Dear Herculodge,
What’s the difference between a real self-help book and a phony one?
Dear Reader,
The phony self-help book, which often tops the best-seller
lists (and Eckhart Tolle's A New Earth: Awakening to Your Life's Purpose comes to mind), must encourage our most infantile fantasy: That life is easy, a
delectable paradise that is ours for the taking, if we will only stop being our
own worst enemy by imposing “limitations,” “the Ego,” the expectations of
others, etc. The fraudulent self-help book’s banal cocktail of false promises, dumbed-down Eastern philosophy, clichés, and truisms serve to not challenge the reader while at the same time
sustain the fantasy of quick and easy transformation.
A real self-help book is not even categorized as such. In
other words, you won’t find a real self-help book in the psychology section of
the book store. This helpful book could be found in philosophy, nutrition,
history, biography, or just about any category with one exception—the self-help
section.
A real self-help book has one thing in common with the phony
one: Both offer a prescription for change. But while the phony self-help book offers
a quick, miraculous one based on knowing some enchanting mystery or secret, and
is built on the wishful thinking of a child, the real self-help book offers
common sense, insight, and provides a road map to a change that is arduous and
gradual, built upon a mature human being.

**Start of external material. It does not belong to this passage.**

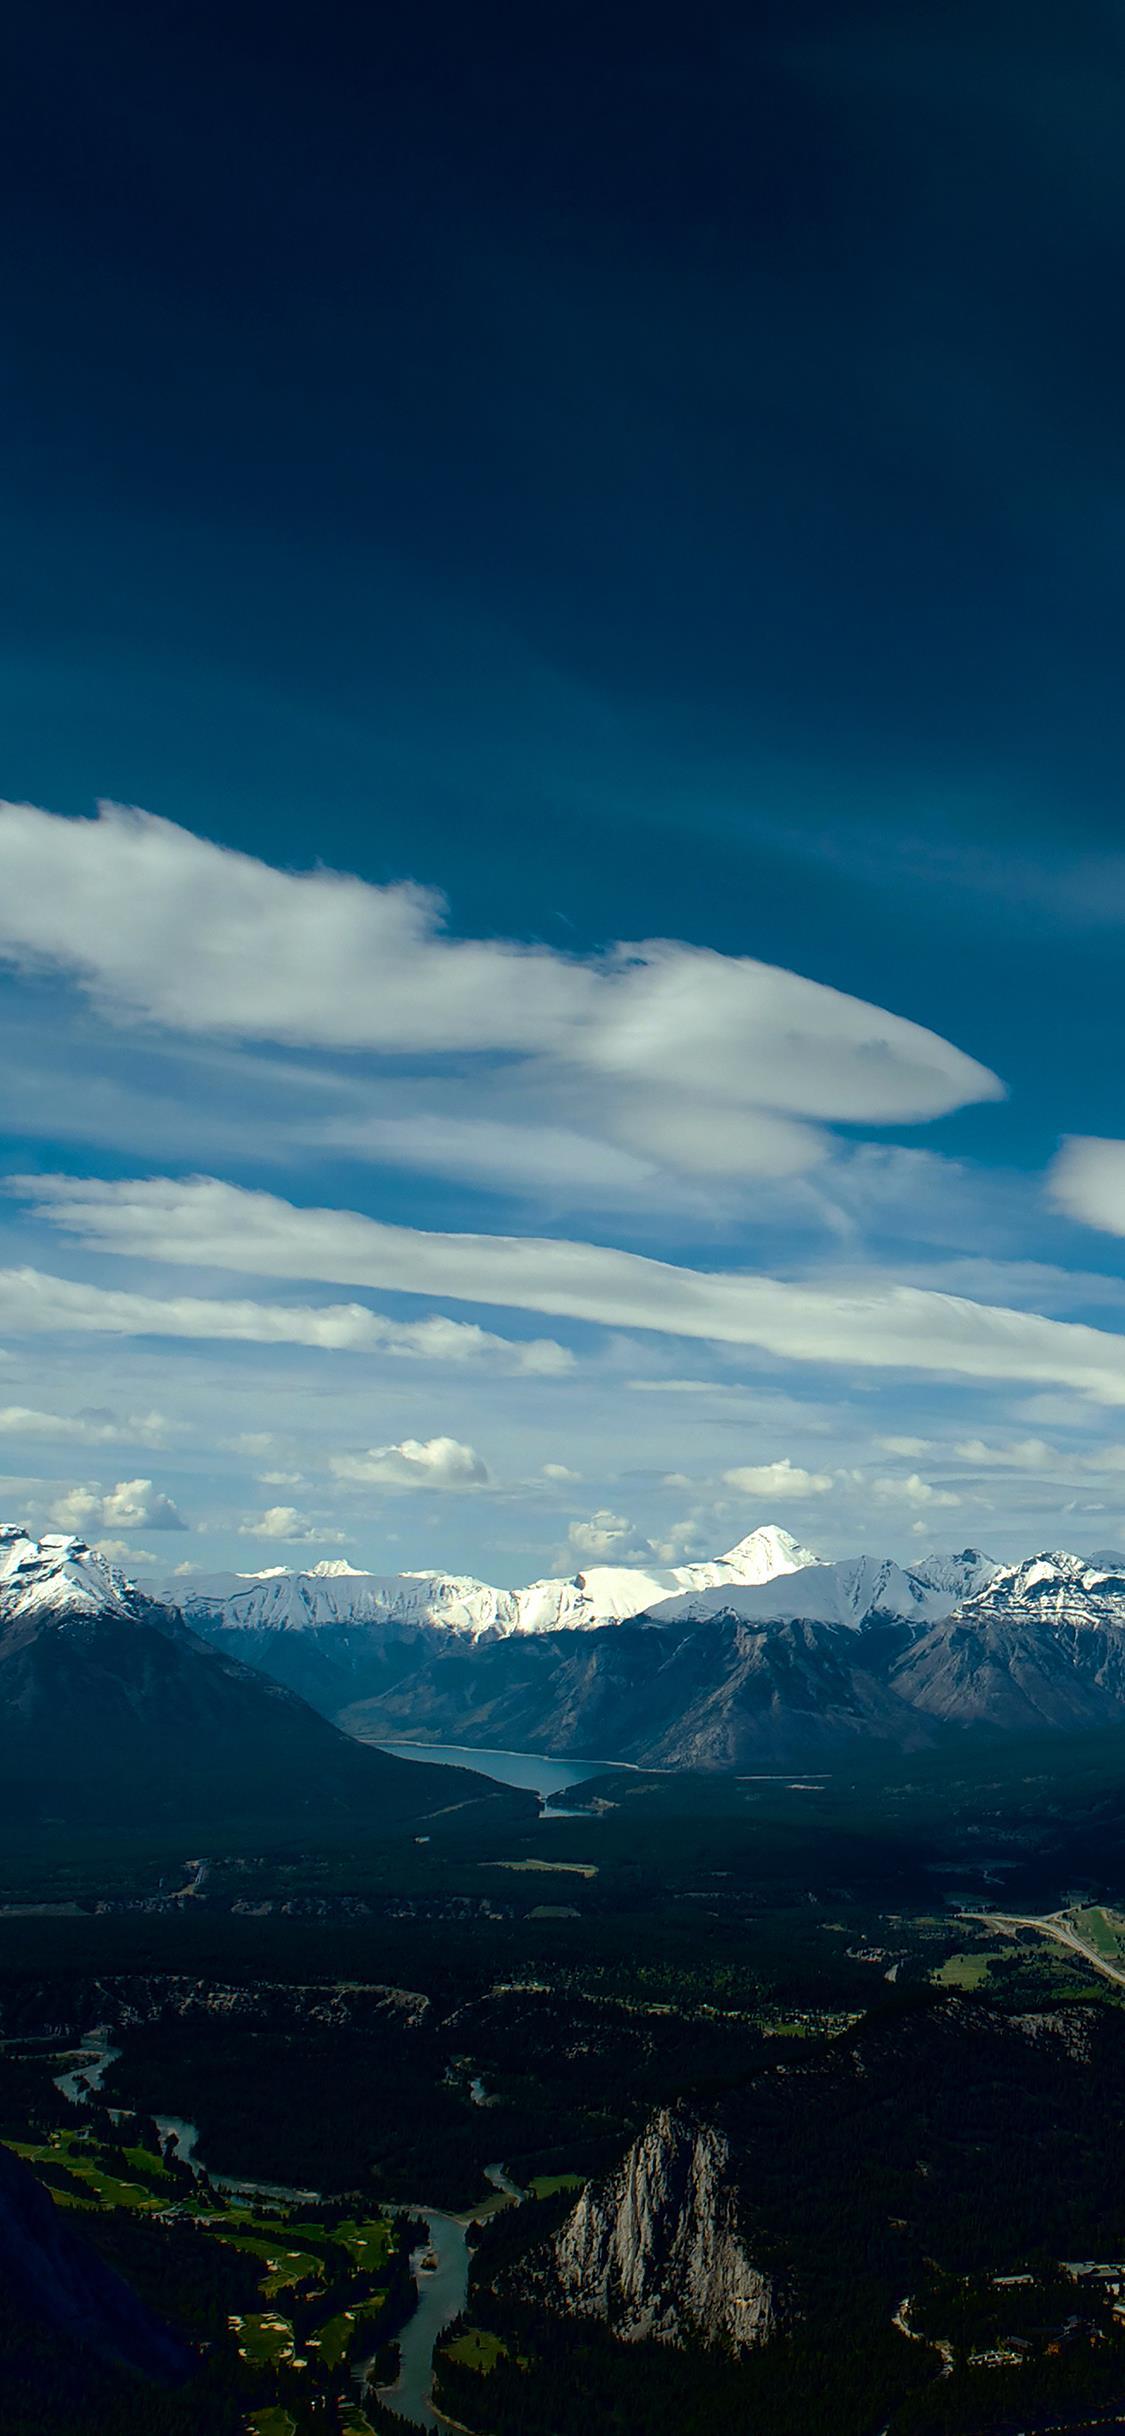 Le montagne innevate - Sfondi per iPhone, i migliori da scaricare gratis

A couple of examples of real self-help books deal with
nutrition: Michael Pollan’s In Defense of Food in which he shows you how to
not get punk-fed by the Processed Food Industry and to make real food that you
like, which will result in gradual health benefits.
Another helpful book is Brian Wansink’s Mindless Eating in
which he shows you how to manipulate your eating environment so that you can
cut your daily calories by just a small amount—yet significant enough to result
in gradual weight loss.
Neither book promises quick transformation or blows smoke up
your ass about how your “ego” or “society” gets in the way of your
heaven-on-earth and both are the more valuable for it.